Yes, I found my way on to the great Bill Monroe’s bus, shook hands with Muhammed Ali, napped in the rehearsal space of funk masters, and spent lovely moments with poets, politicians, and corporate leaders.  I’ve gained something from every single encounter.

Isn’t that the point of it all?  Every day, people cross our paths – or we cross theirs.  Maybe those people are famous.  Maybe they’re known only to their family and friends.  They ALL have something to offer if only we keep our eyes and ears open.

When I first came to Atlanta, I worked at a hotel where “famous” people lived.  I became friends with them and saved tidbits of their words but you know who taught me the most?  Mama, the breakfast cook in the kitchen.  Yes, she tried to teach me how to make fluffy biscuits and delicious collard greens but she also taught me patience and resilience.

Her faith strengthened her through hard times.  Meanwhile, the gentle and kind owners taught me that no matter how difficult the path ,love and kindness will get you where you’re going with unexpected rewards along the way.

Looking back, I can clearly see so many examples of help I received along my way here.  Maybe it was just a brief moment of levity that came when I most needed it.  Maybe it was a literal hand up when I stumbled.

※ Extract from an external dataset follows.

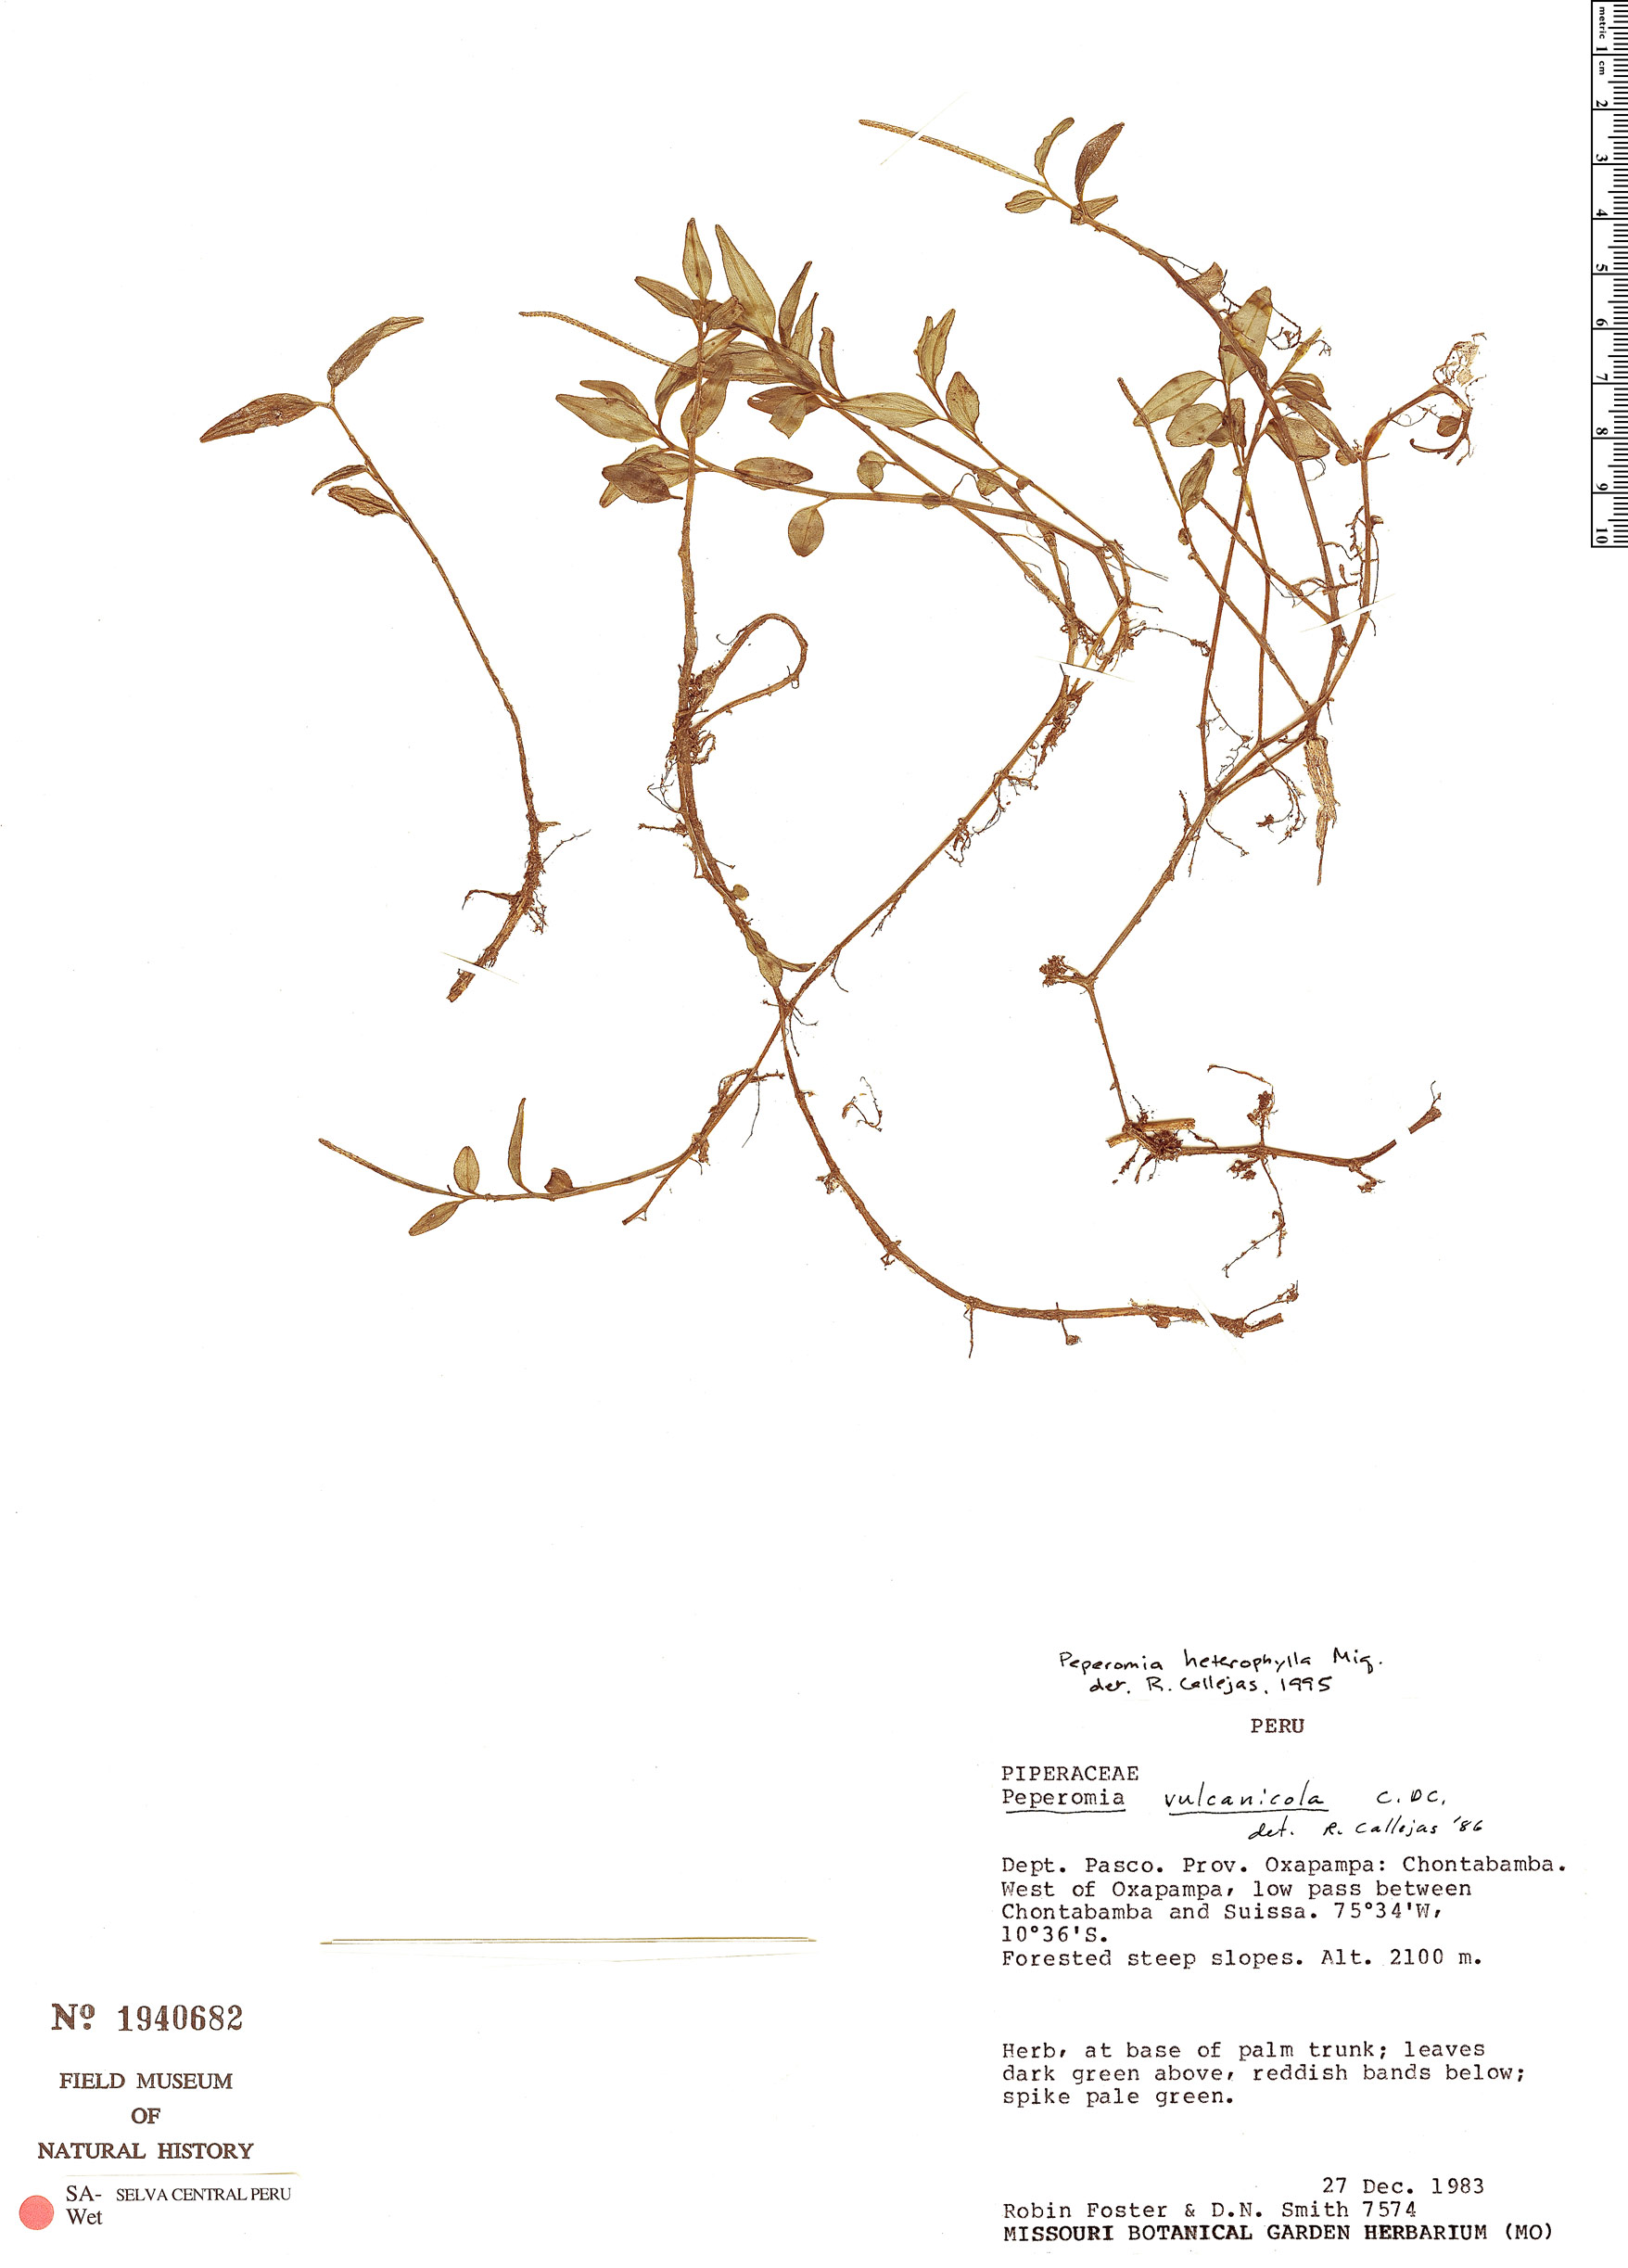 Specimen: Peperomia heterophylla

Maybe it wasn’t about me at all!  Maybe that short time spent with a stranger was for THEM.

One thing I’ve learned to be true is that I am always where I’m supposed to be.  So doesn’t that mean everyone else in the room is supposed to be there, too?  If that’s true, then we’re all in this room together.  Maybe we’re meant to learn from one another,  Maybe we’re just here to hold each other up.  Maybe they’ll go home and talk about meeting this strange lady in the room.  Maybe we were there together for another person.  Imagine being in the room and not paying attention!

Whether the room is a grocery line or an actual  room, I will continue to be open.  Open eyes, open ears, open heart.  You can learn a lot by just being in the room.